Ainda de acordo com Fachin, enquanto não houver lei que regulamente o direito de greve no serviço público, deve ser aplicada a legislação válida para o setor privado, conforme já decidido pelo STF, entretanto, a regra para a suspensão de pagamento não pode ser aplicada, pois os servidores públicos não contam com o instrumento do dissídio coletivo nem com a possibilidade de intervenção da Justiça do Trabalho para mediar o conflito. Logo, apenas a partir de determinação judicial, não havendo acordo entre as partes ou sendo constatada a ilegalidade ou abusividade da paralisação, é possível o corte nos salários. Esse entendimento não representa ausência de consequência para os grevistas, pois deverá haver compensação dos dias parados ao final do movimento. A paralisação no setor privado causa prejuízos econômicos a ambas as partes em decorrência da situação de perigo em que se coloca a atividade econômica o que, em geral, leva os interessados a buscarem acordo no menor tempo possível de forma a reduzirem as perdas. Já no setor público a lógica é diferente e, embora haja setores mais essenciais que outros, muitas vezes, o poder público posterga ao máximo o início das negociações:

“Permitir o desconto imediato no salário dos servidores públicos significa que os prejuízos do movimento paredista serão suportados apenas por uma das partes em litígio. Essa lógica praticamente aniquilaria o direito de greve no setor público”. (grifou-se).
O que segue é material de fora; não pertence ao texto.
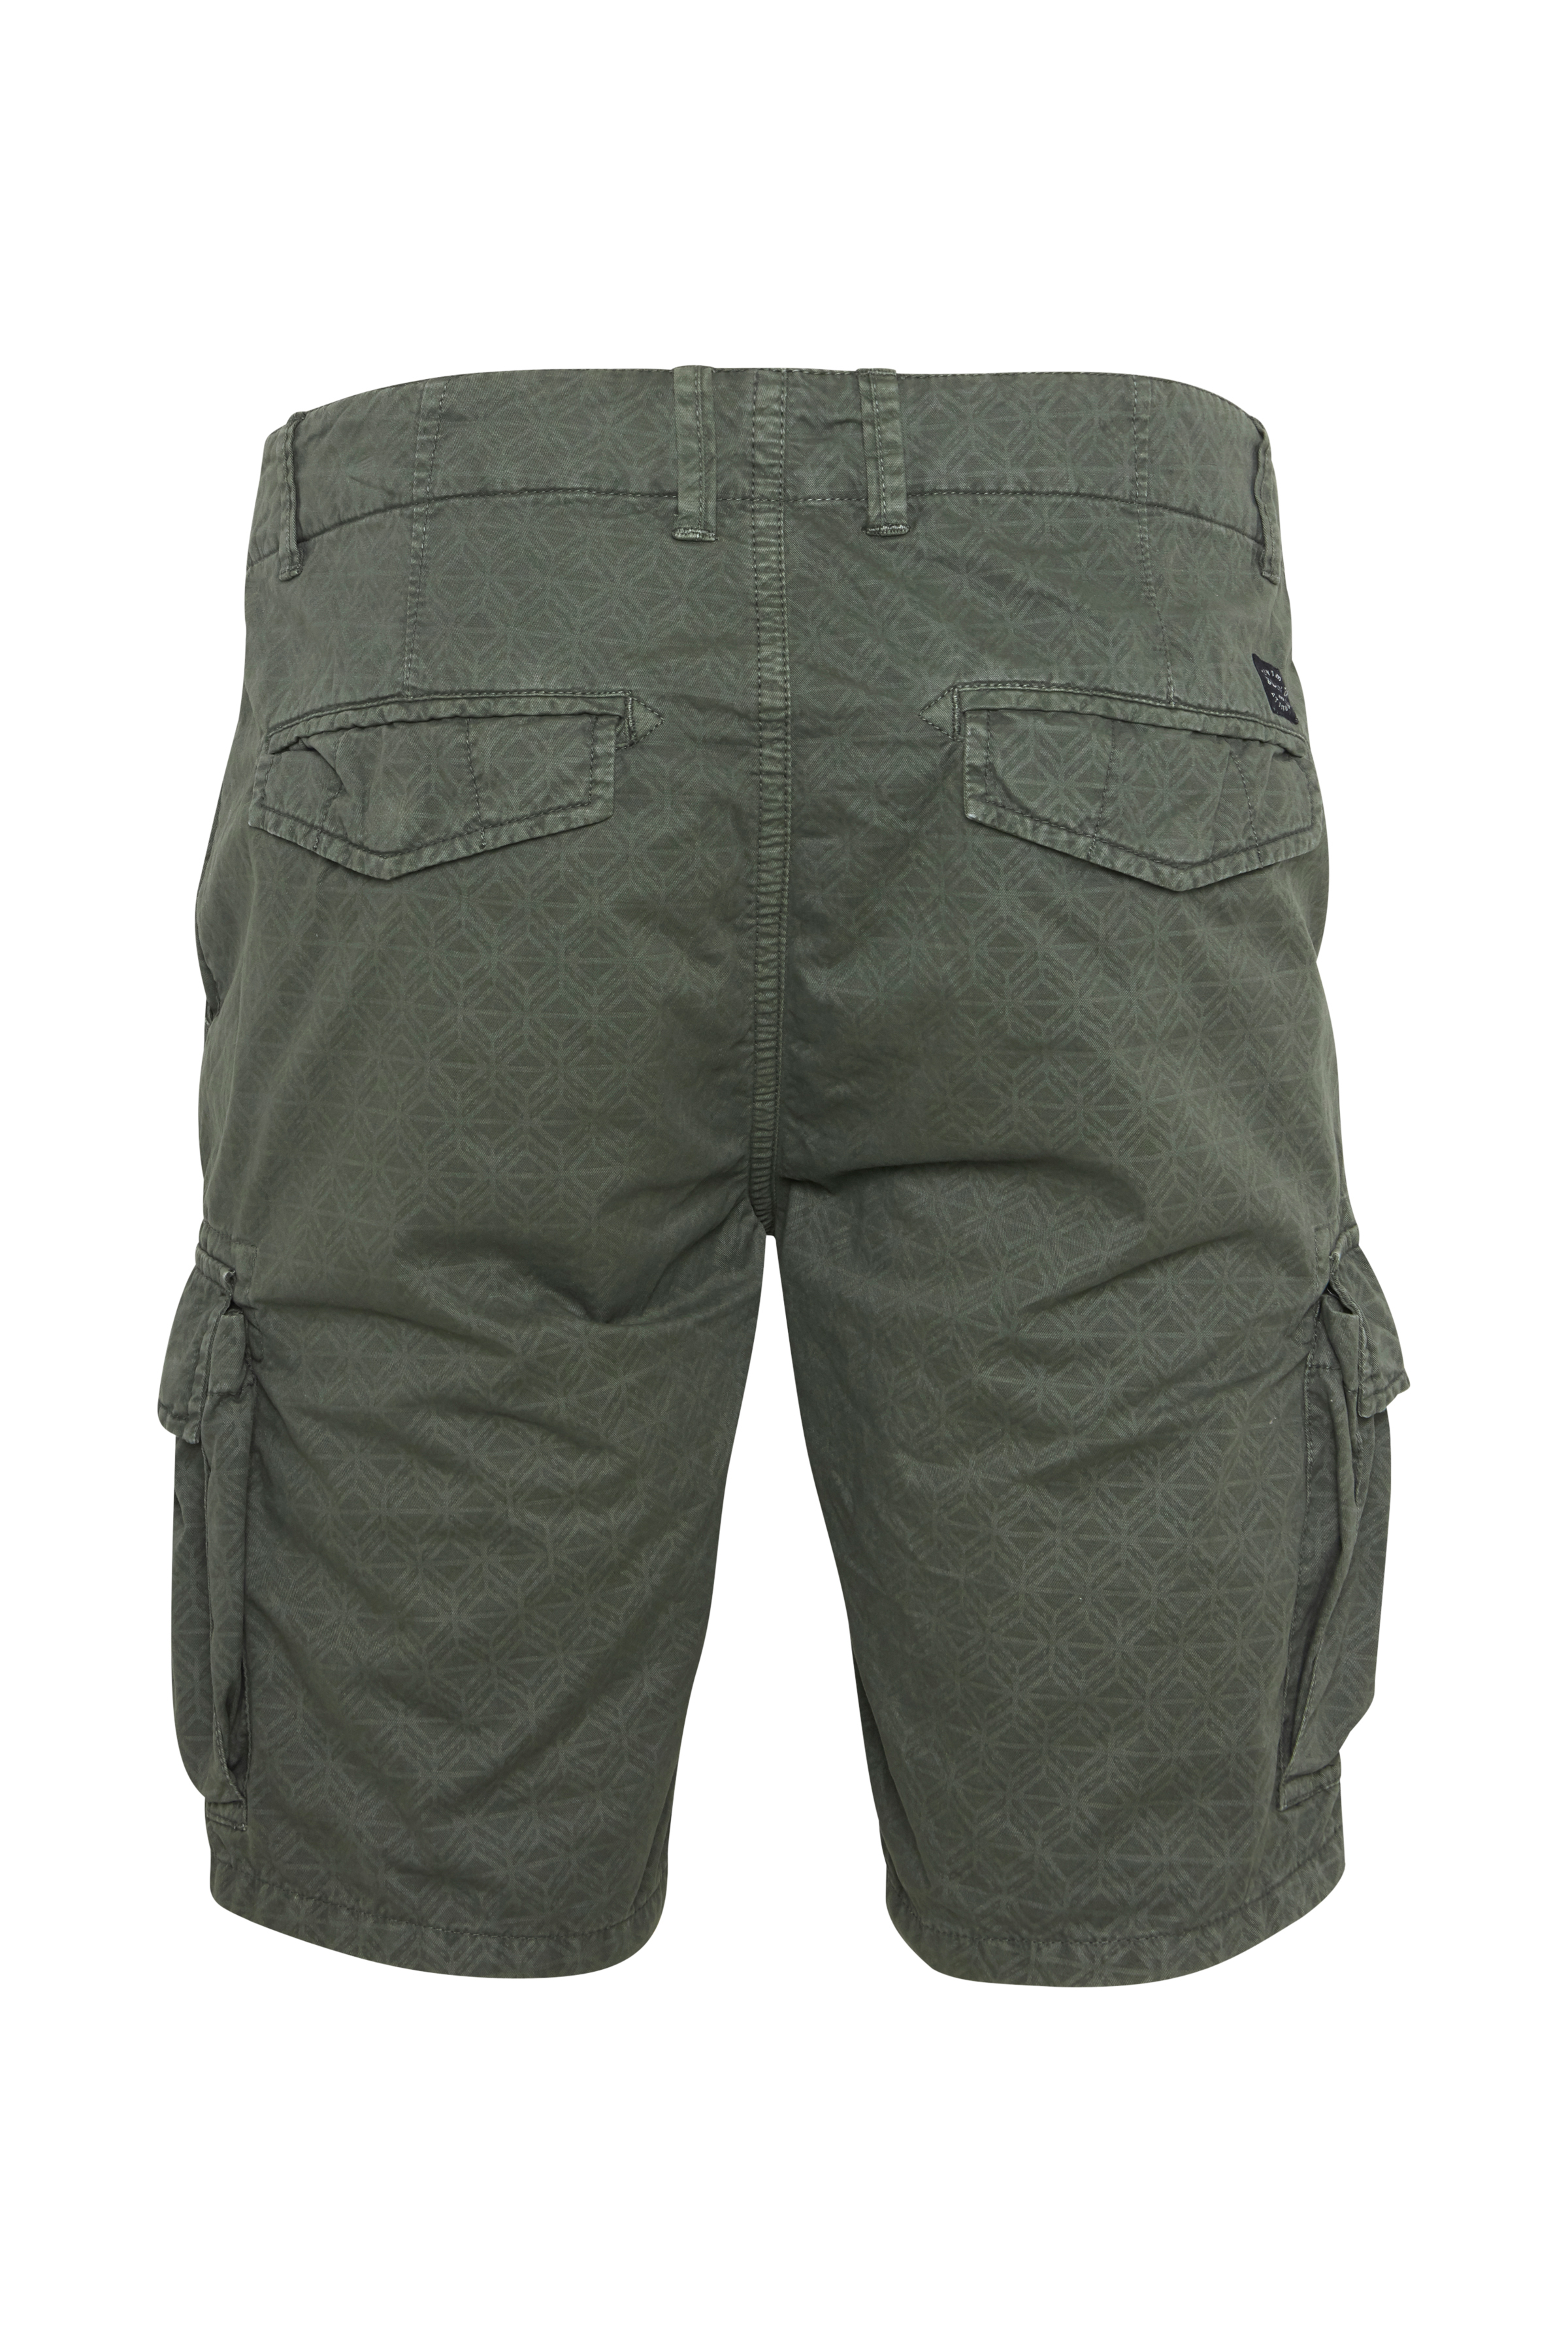 Beetle Green Shorts – Køb Beetle Green Shorts fra str. S-XXL her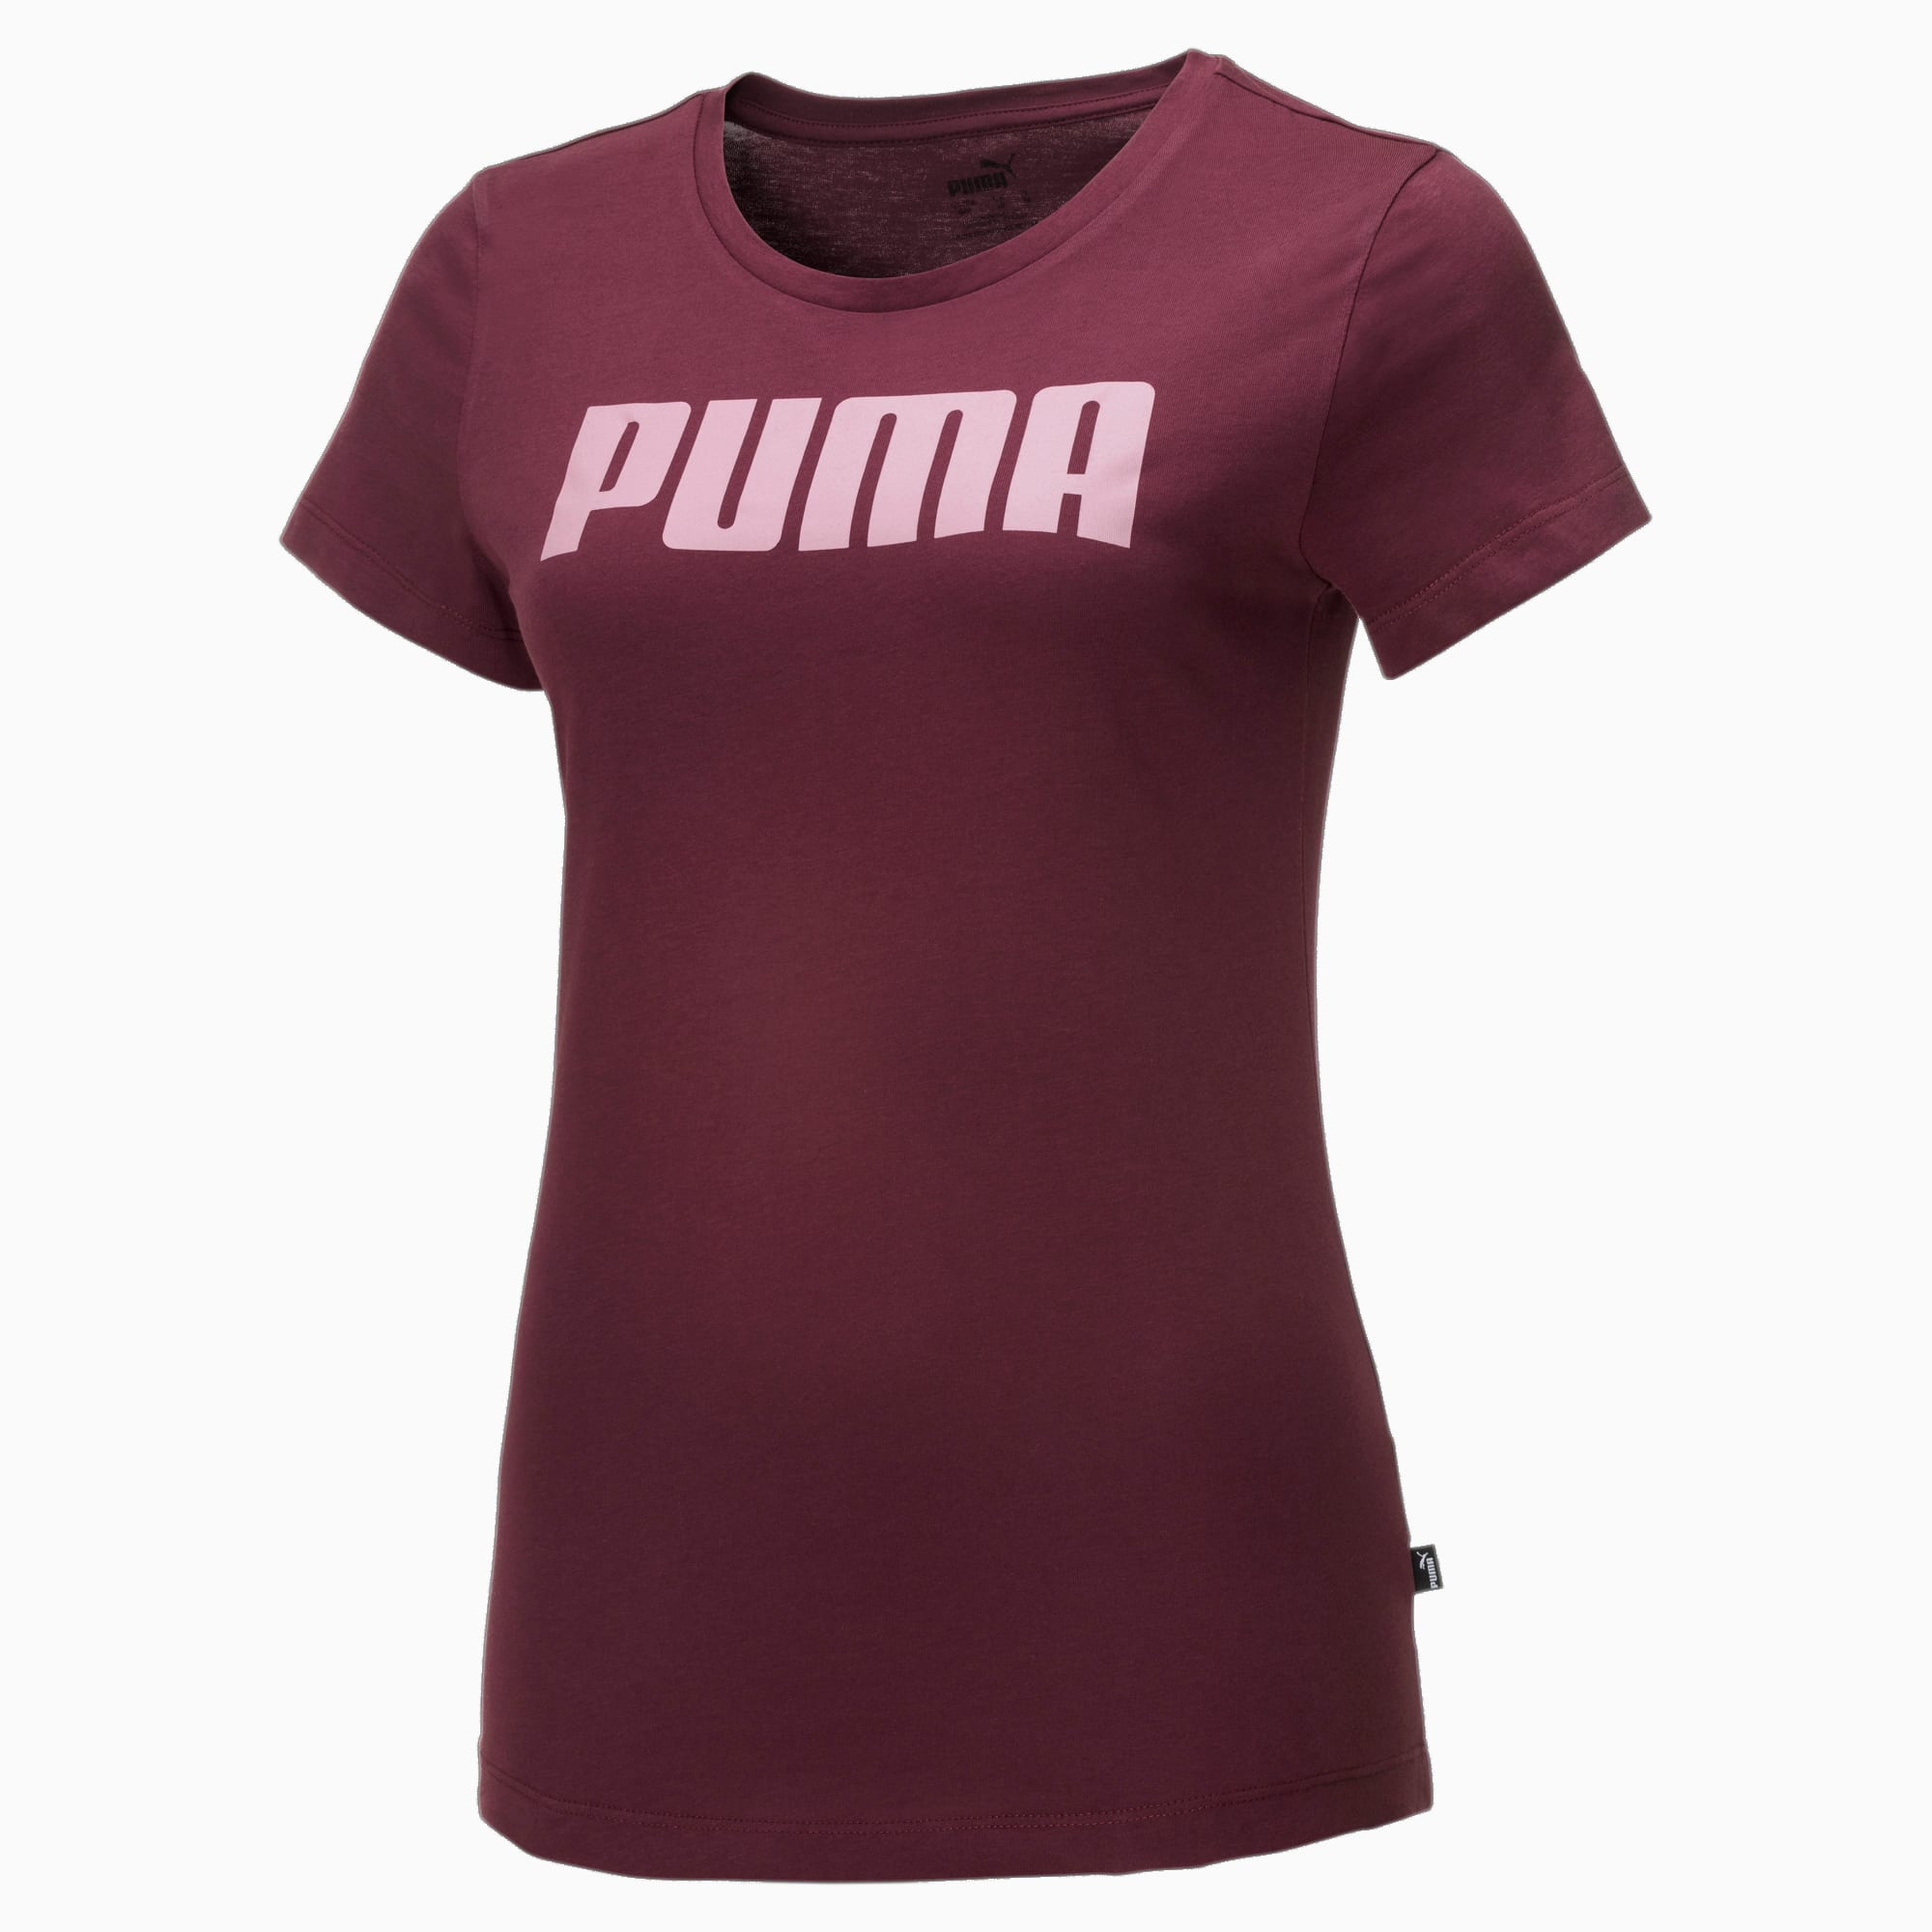 Essentials T-shirt voor Dames, Rood, Maat M | PUMA

O julgamento foi interrompido pelo pedido de vista do Ministro Luís Roberto Barroso.

A conferir se o STF vai, em definitivo, sepultar o direito de greve dos servidores públicos – que é a consequência a que se chegará com a consolidação de entendimento de que a Administração Pública pode unilateralmente efetuar o desconto na remuneração dos servidores em greve, ainda que legal, não abusiva, pois bem reduzidas serão as categorias de servidores públicos que conseguirão suportar períodos de greve e, portanto, de ausência de recebimento de remuneração, durante longos períodos que fatalmente serão provocados pelos entes públicos com ausência de propostas concretas ou pura embromação nas negociações – ou se vai, finalmente, acenar positivamente com a concretização desse direito fundamental, tal como decidido em opção soberana do povo brasileiro reunido em Assembleia Nacional Constituinte em 1988.

O texto acima se trata da opinião do autor e não representa o pensamento do Portal Infonet.